CVE-2026-44336

Name of the Vulnerable Software and Affected Versions PraisonAI versions prior to 4.6.34

Description The Model Context Protocol (MCP) server in PraisonAI contains a path traversal flaw in its file-handling tools. The server registers four tools by default: 'praisonai.rules.create', 'praisonai.rules.show', 'praisonai.rules.delete', and 'praisonai.workflow.show'. These tools accept path or filename strings via the tools/call endpoint and join them to the ~/.praison/rules/ directory (or accept absolute paths in the case of 'praisonai.workflow.show') without performing containment checks. Additionally, the JSON-RPC dispatcher passes params["arguments"] to handlers via **kwargs without validating them against the input schema.

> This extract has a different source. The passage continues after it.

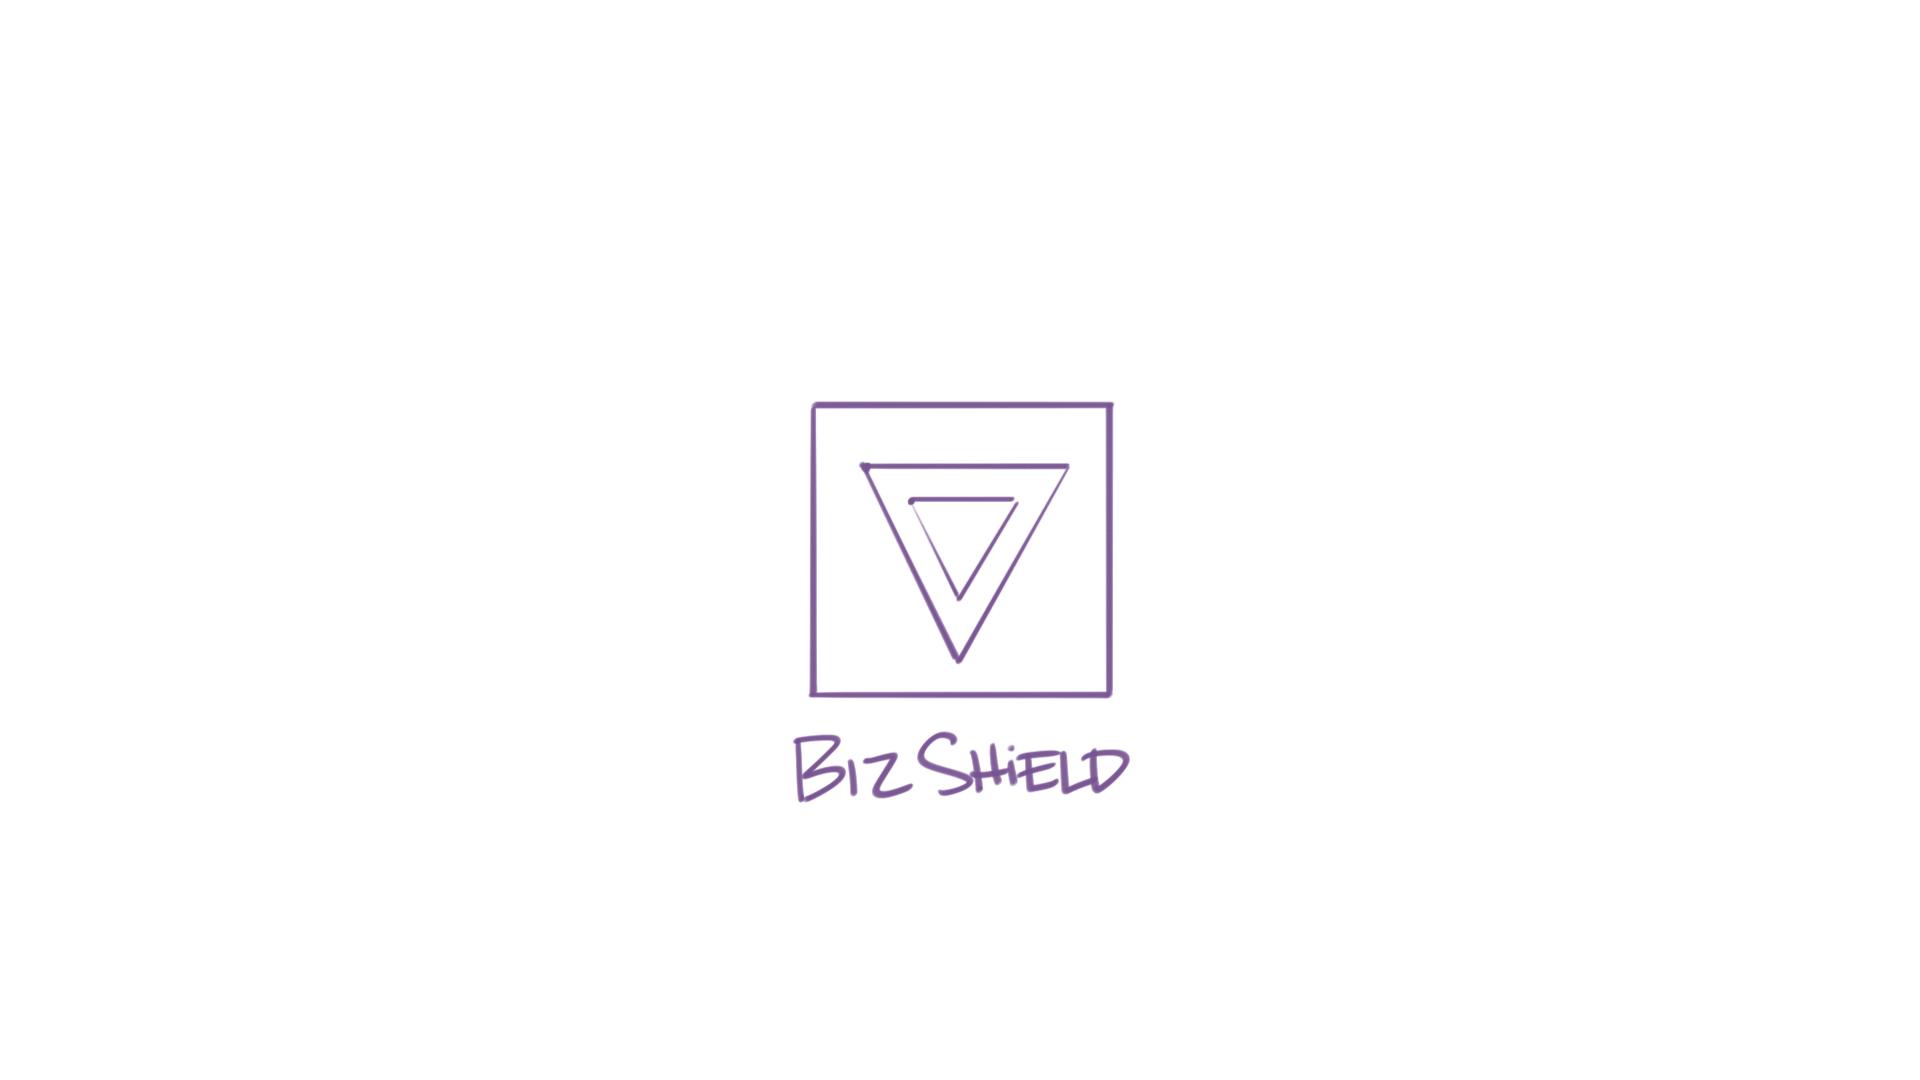 BizShield_TM_v3_0038_39.jpg

An attacker can use the rule name variable with traversal sequences (e.g., ../../) to read, write, or delete any file the running user has permissions for. This can be escalated to arbitrary code execution by writing a Python .pth file into the user site-packages directory, which is then executed by any subsequent Python process spawned by the user. This issue can be triggered via an MCP-connected LLM through indirect prompt injection (e.g., malicious web content), or via the praisonai mcp serve --transport http-stream endpoint, which defaults to no authentication on loopback.

Recommendations Update to version 4.6.34. As a temporary workaround, restrict access to the loopback interface or ensure the --api-key flag is used when running the MCP server with HTTP-stream transport to prevent unauthenticated access.